The minutes slipped away. I was running dry of things to say. Such a one-sided conversation was not easy to maintain, but what made it more difficult was not Zoo-boy so much as the ghostly presence of those beyond the mirror. It was too easy to feel stupid talking to oneself when half a dozen people one couldn’t see were watching. Finally, I pulled over my box of materials and sorted out a paperback book, a mystery story about a teenager and his girl friend. I’ll read to you, I told Zoo-boy, until we feel a little more relaxed with one another.
‘Chapter One:The Long Road.’
I read.
And read.
The minutes kept moving around the face of the clock. Occasionally there was the muffled noise of a door opening and closing beyond our little room. They were leaving, one by one. Nothing in here was worth wasting an afternoon to see. I was not a spectacular reader. The story wasn’t riveting. And Zoo-boy only rocked.

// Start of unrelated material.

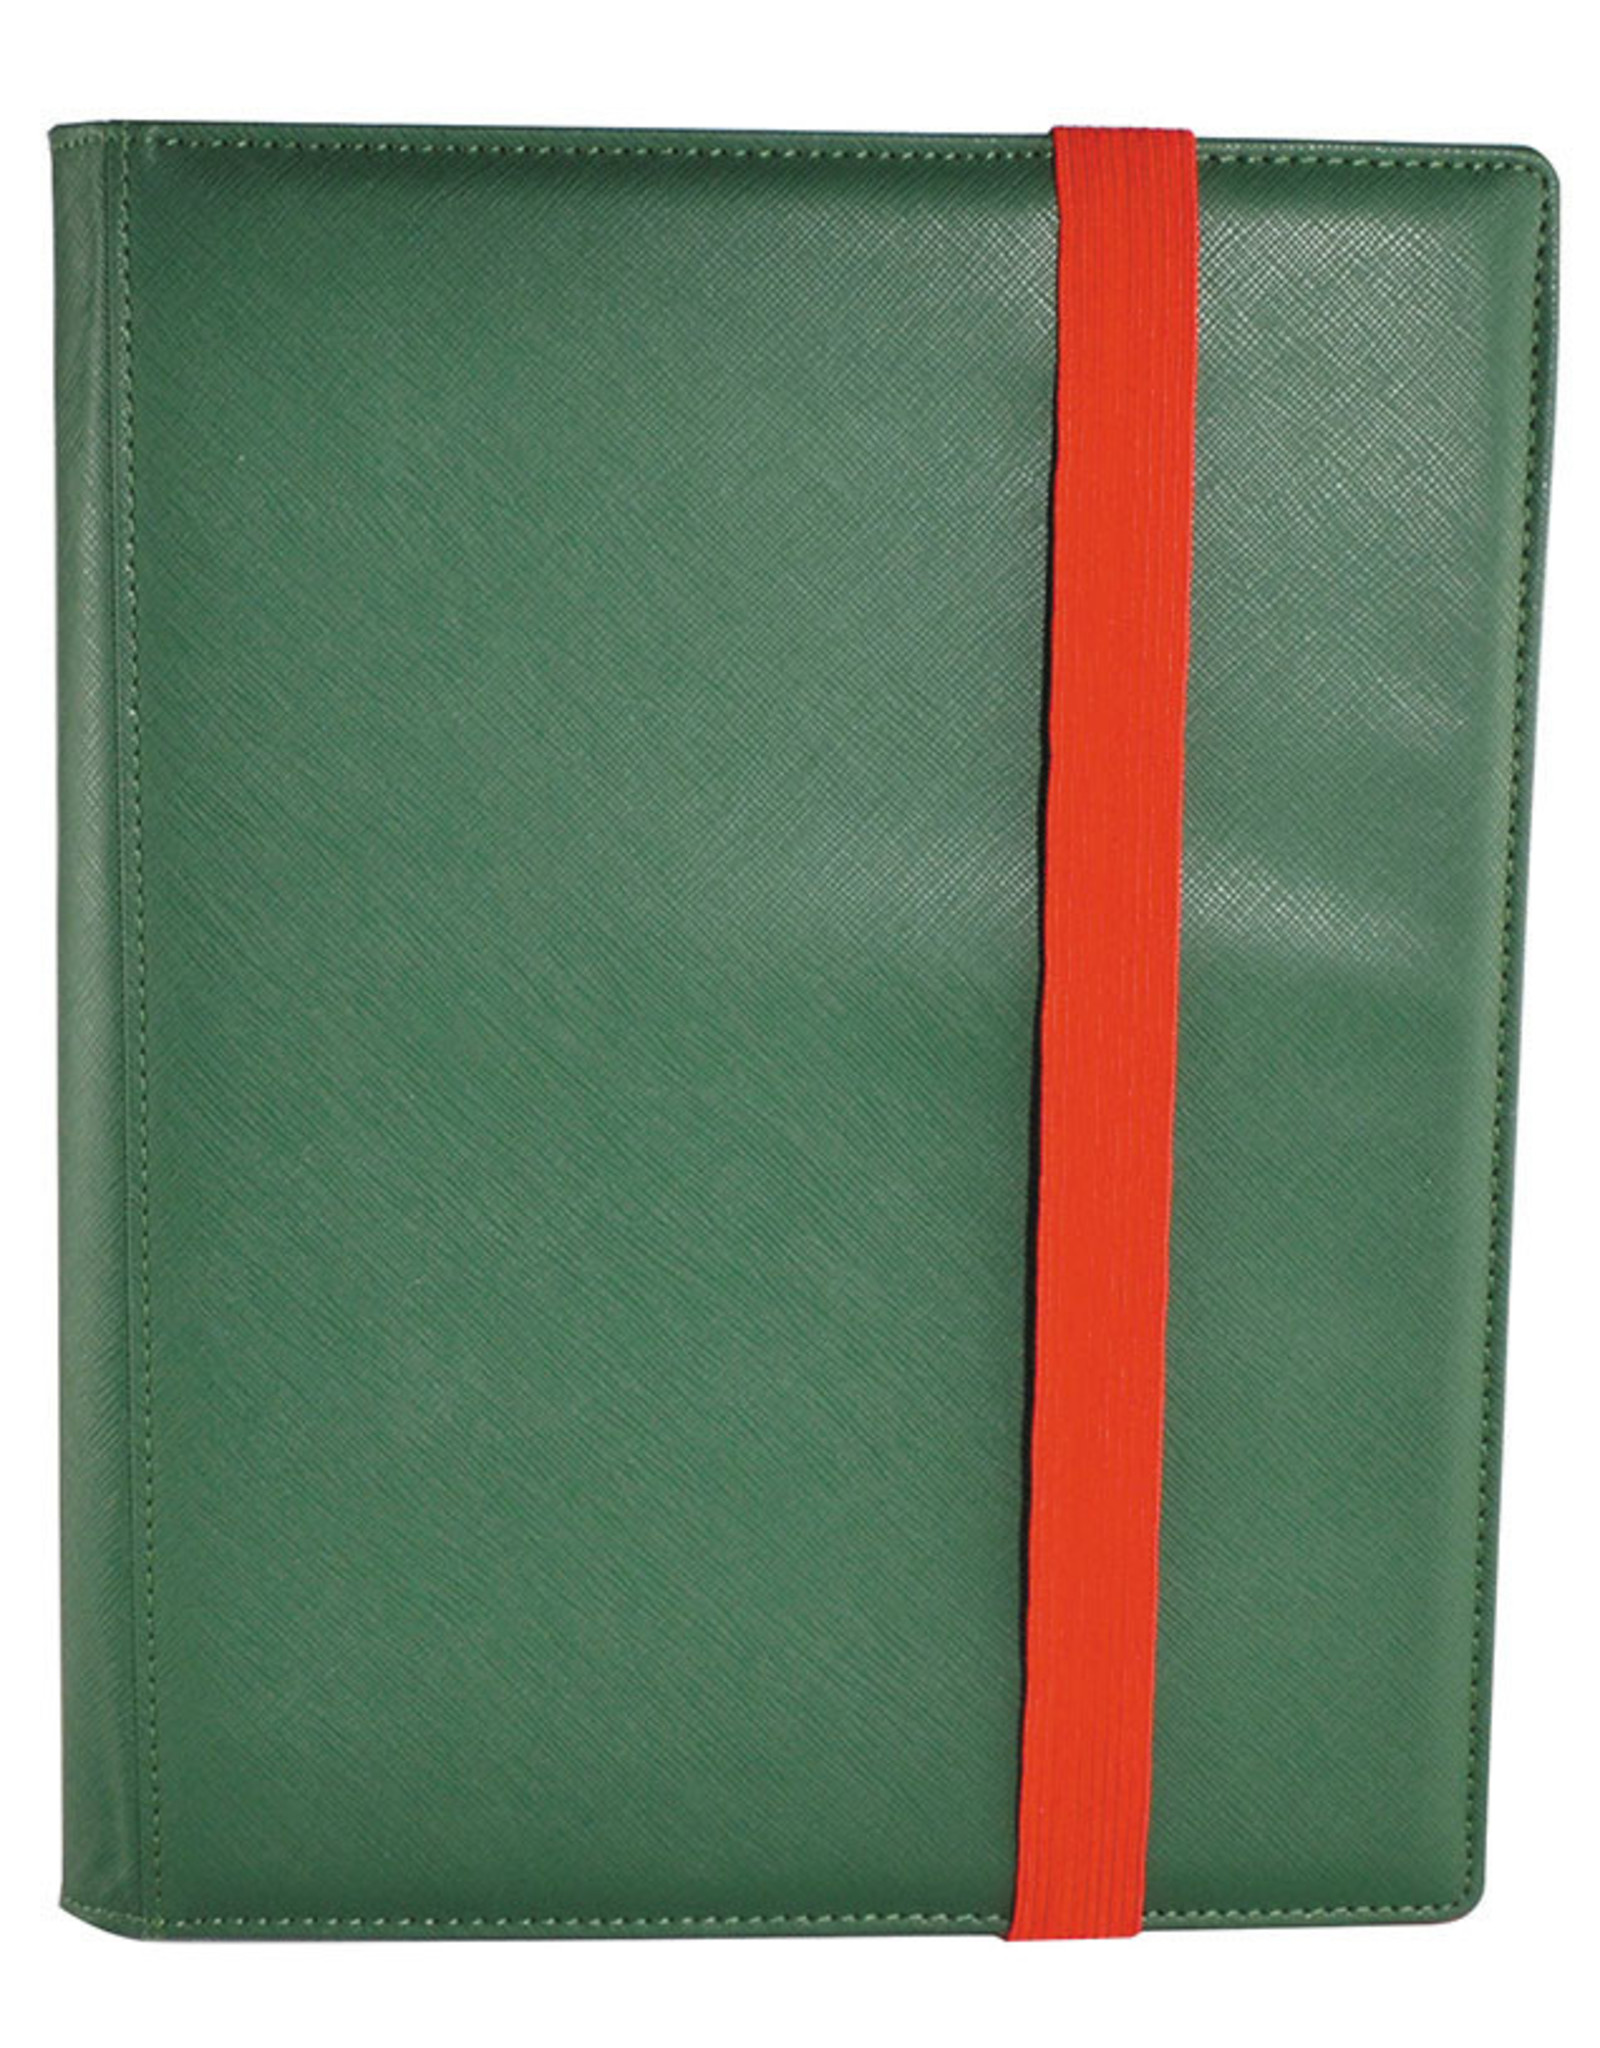 Dex Protection Dex 9-Pocket Binder Green

I kept on reading. And counting the openings and closings. How many people had been in the room behind the mirror? I couldn’t recall exactly. Six? Or was it seven? And how many had gone out already? Five?
I read on.
Click-click. Another gone.
Click-click. That was seven.
I continued to read. My voice became the only sound in the room. I looked over. Zoo-boy had stopped rocking. Slowly he brought his arms down to see me better. He smiled. He was nobody’s fool. He had been counting too.
He gestured at me, a small movement within the confines of the table and chairs.

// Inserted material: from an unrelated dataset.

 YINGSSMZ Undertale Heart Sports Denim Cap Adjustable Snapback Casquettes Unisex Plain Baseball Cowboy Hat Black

‘What?’ I asked, because I couldn’t understand what he was trying to communicate.
He gestured again, more widely this time. Only it wasn’t just a simple motion. Rather, it was a sentence, a paragraph almost, of gestures.
I still couldn’t understand. I moved a chair aside to see him better but I had to ask him to repeat it.
There was something he wanted me to know. The motions were poetic in their gyrating, wreathing urgency. A hand ballet. But they were no sign language I understood, not Ameslan, not the hand alphabet. I couldn’t comprehend at all.
From under the table came a deep sigh. He grimaced at me. Then patiently he repeated his gestures again, more slowly this time, more emphatically, like someone speaking to a rather stupid child. He became frustrated when he could not make me understand.
Finally, he gave up. We sat in silence, staring at one another. The book was still in my hands, so in desperation to fill the time, I asked him if he’d like me to read a little more. Zoo-boy nodded.
I settled back against the wall. ‘Chapter Five: Out of the Cave.’
Zoo-boy pushed the other chair slightly out from the table and reached to touch the cloth of my jeans. I looked up.
He had his mouth open, one hand pulling the lower jaw down. He pointed down his throat. Then dismally, he shook his head.